Commit-ID:  99bd5e2f245d8cd17d040c82d40becdb3efd9b69
Gitweb:     http://git.kernel.org/tip/99bd5e2f245d8cd17d040c82d40becdb3efd9b69
Author:     Suresh Siddha <suresh.b.siddha@intel.com>
AuthorDate: Wed, 31 Mar 2010 16:47:45 -0700
Committer:  Ingo Molnar <mingo@elte.hu>
CommitDate: Fri, 23 Apr 2010 11:02:02 +0200

sched: Fix select_idle_sibling() logic in select_task_rq_fair()

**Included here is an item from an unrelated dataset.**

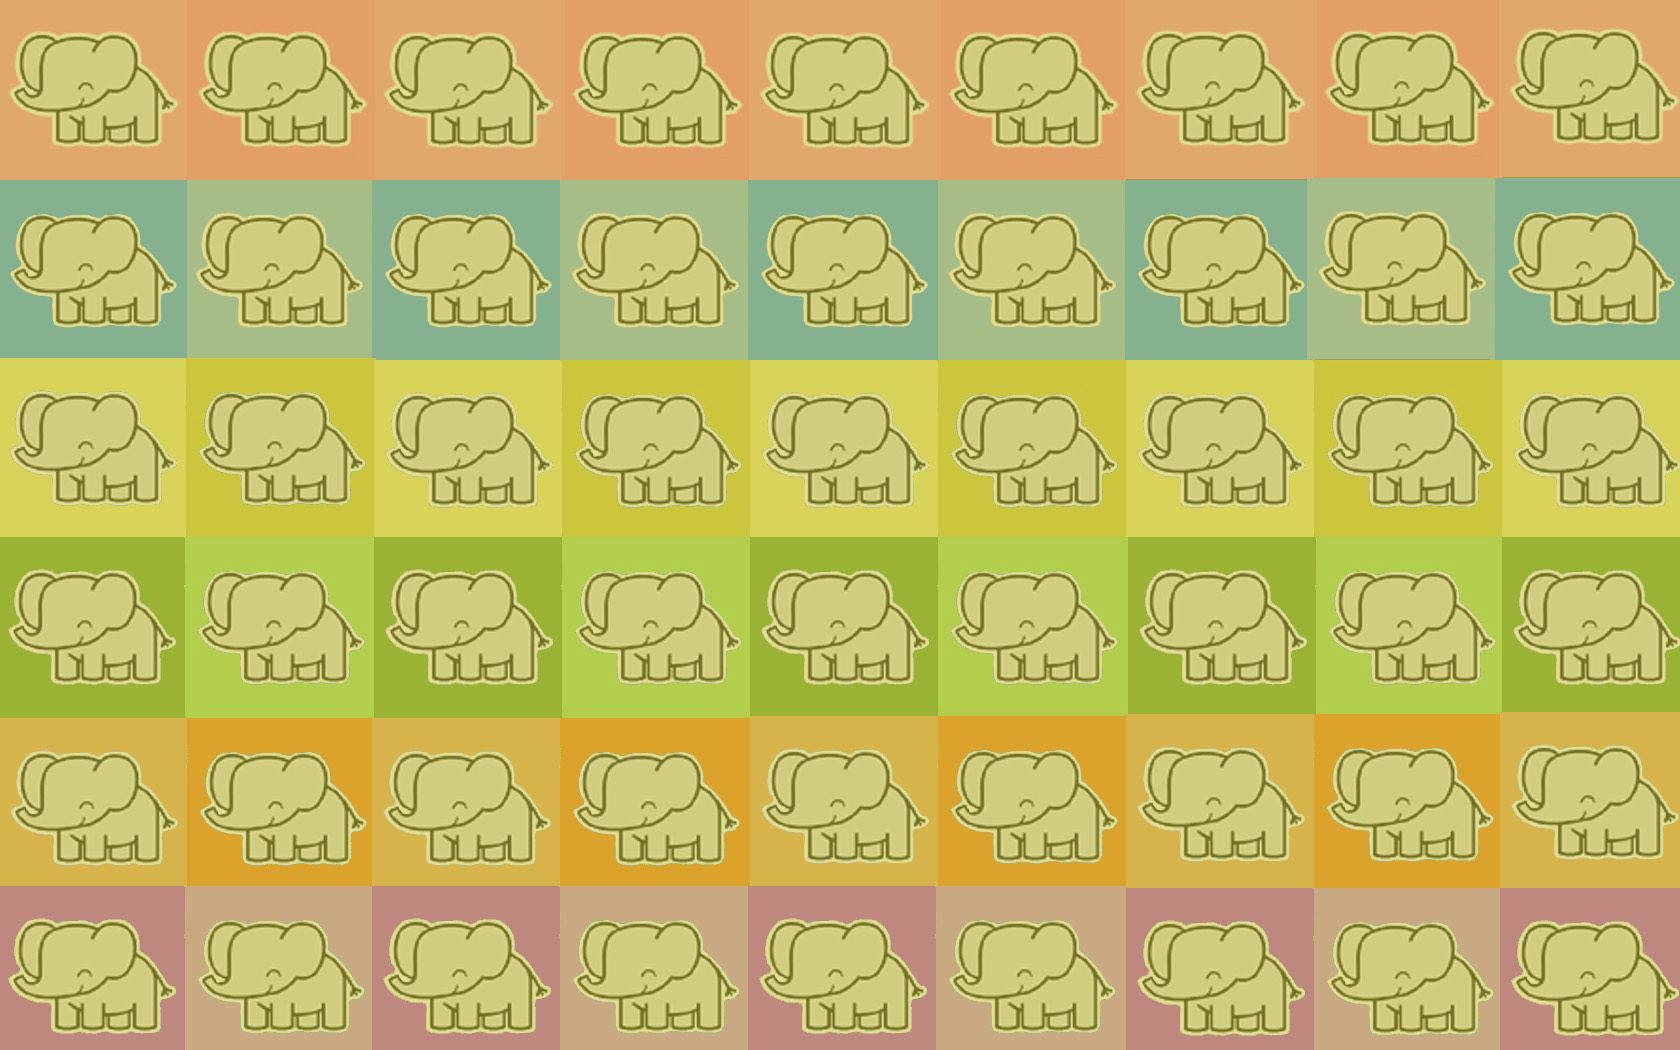 Multi-colored elephant pattern background wallpaper.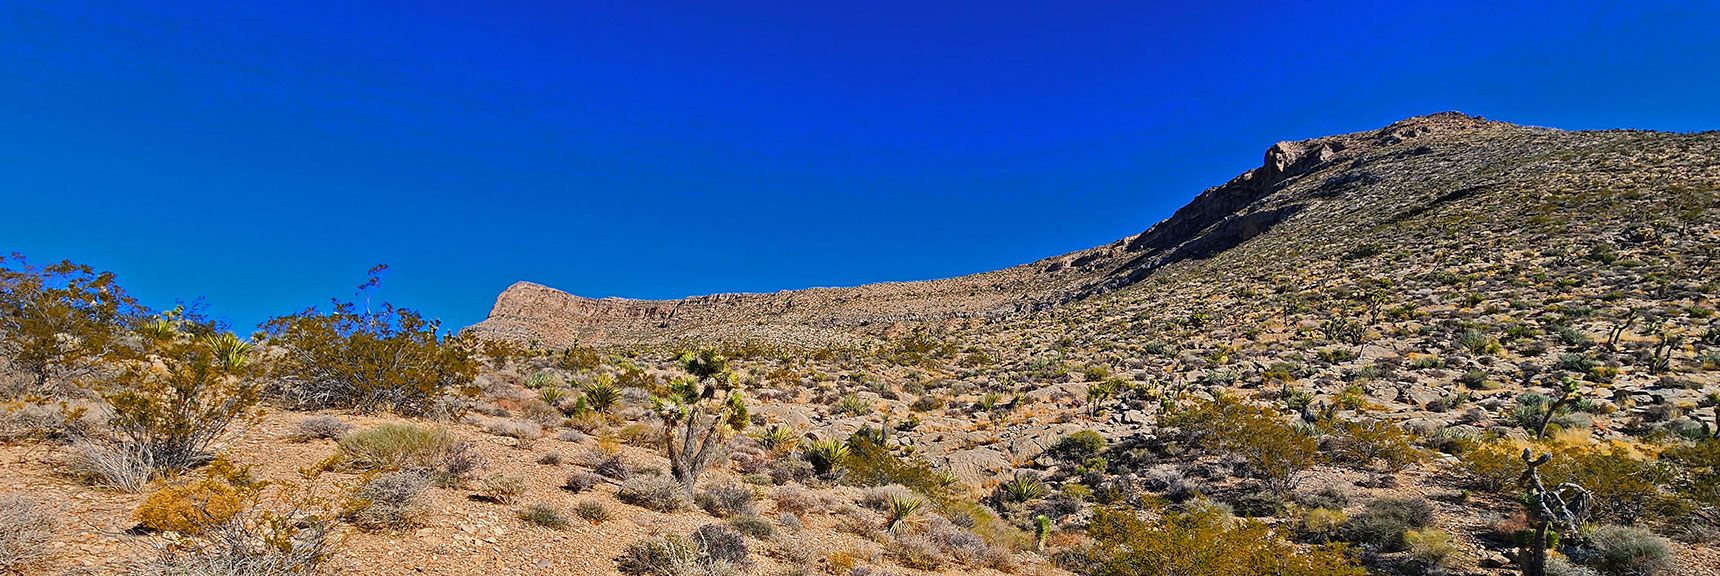 Looking Back at the Shallow, Best Summit Approach Canyon. | Landmark Bluff Circuit | Lovell Canyon, Nevada

Issues in the current select_idle_sibling() logic in select_task_rq_fair()
in the context of a task wake-up:

a) Once we select the idle sibling, we use that domain (spanning the cpu that
   the task is currently woken-up and the idle sibling that we found) in our
   wake_affine() decisions. This domain is completely different from the
   domain(we are supposed to use) that spans the cpu that the task currently
   woken-up and the cpu where the task previously ran.

b) We do select_idle_sibling() check only for the cpu that the task is
   currently woken-up on. If select_task_rq_fair() selects the previously run
   cpu for waking the task, doing a select_idle_sibling() check
   for that cpu also helps and we don't do this currently.

c) In the scenarios where the cpu that the task is woken-up is busy but
   with its HT siblings are idle, we are selecting the task be woken-up
   on the idle HT sibling instead of a core that it previously ran
   and currently completely idle. i.e., we are not taking decisions based on
   wake_affine() but directly selecting an idle sibling that can cause
   an imbalance at the SMT/MC level which will be later corrected by the
   periodic load balancer.

Fix this by first going through the load imbalance calculations using
wake_affine() and once we make a decision of woken-up cpu vs previously-ran cpu,
then choose a possible idle sibling for waking up the task on.

Signed-off-by: Suresh Siddha <suresh.b.siddha@intel.com>
Signed-off-by: Peter Zijlstra <a.p.zijlstra@chello.nl>
LKML-Reference: <1270079265.7835.8.camel@sbs-t61.sc.intel.com>
Signed-off-by: Ingo Molnar <mingo@elte.hu>
---
 kernel/sched_fair.c |   82 +++++++++++++++++++++++++--------------------------
 1 files changed, 40 insertions(+), 42 deletions(-)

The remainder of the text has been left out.